HTN Case Study: Pinehurst Resorts Leverages Technology to Drive Personalization

Personalized service is a key factor in ensuring a positive guest experience at Pinehurst.

When it comes to delivering a positive guest experience, success is largely a function of being able to leverage data to create a multidimensional portrait of each individual guest. It is also a function of putting the right technologies and processes in place to drive continuous performance improvement.  This is something that Pinehurst Resort & Country Club, a 2,000-acre property featuring an award-winning spa, nine golf courses, tennis, and activities for the family, does exceptionally well by leveraging the next generation technologies.

Established in 1895 and located in the sandhills of North Carolina, Pinehurst is widely known as the cradle of American golf. In fact, the property has hosted more golf championships than any other site in America.

It’s no surprise, then, that any discussion of the guest experience naturally starts with golf.  “At Pinehurst, managing our 9 golf courses and 14 retail outlets would be impossible without Visual One GolfPro from Agilysys,”  says Ed Nickelson, Director of Information Technology at Pinehurst.

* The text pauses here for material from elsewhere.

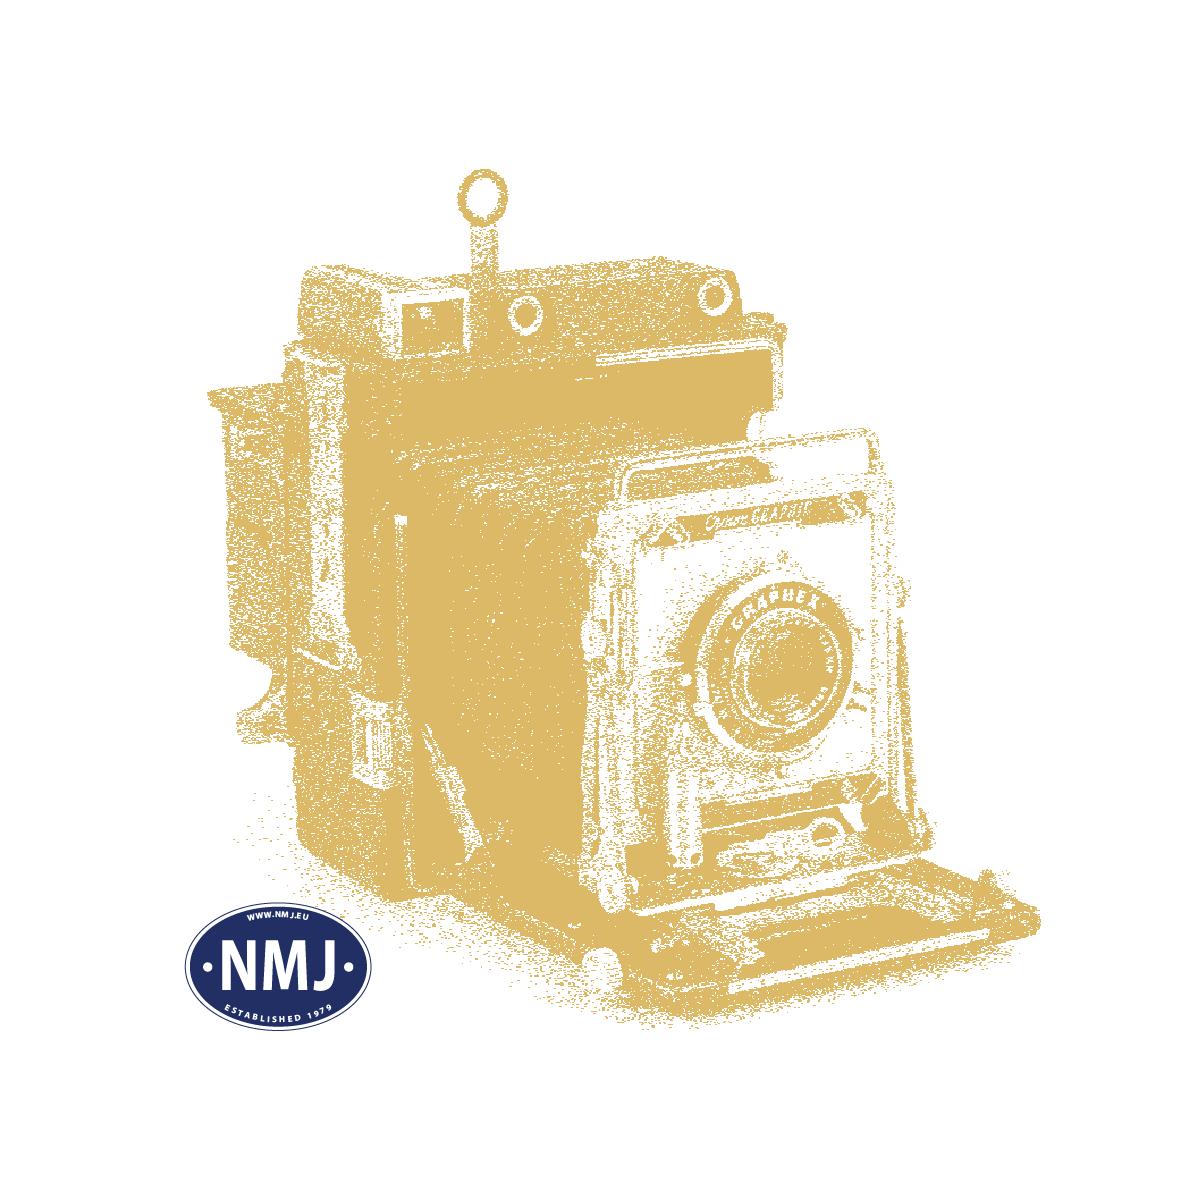 NMJ0.21307 - NMJ Superline NSB DF37.21307, 0-Scala

“At Pinehurst, we don’t sell golf the way the local golf course does,” he says. “If you’re going to play golf here, then you’re going to be a member or an overnight guest. That’s the only way we would sell a round of golf. Otherwise, we simply wouldn’t be able to meet demand, especially on course Number 2.”

Every guest’s stay information is attached to their rounds of golf information. That information is also attached to their spa, dining and other information. “In this way, we can start to develop a very nice picture of our guests,” says Nickelson. “From a financial perspective, we’re able to understand what dollars a specific group or type of guest spends across the property.”

Personalized service, largely enabled by Visual One PMS and other technology solutions from Agilysys, is a key factor in ensuring a positive guest experience. “When you arrive, the bell stand takes your golf clubs,” Nickelson explains. “The system produces a golf bag tag, which gets attached to the guest’s golf bag. We take possession of the clubs, which then show up before the golf round. We move the golf clubs for each guest throughout the nine golf courses on the property. That’s one less thing for them have to deal with on their own.”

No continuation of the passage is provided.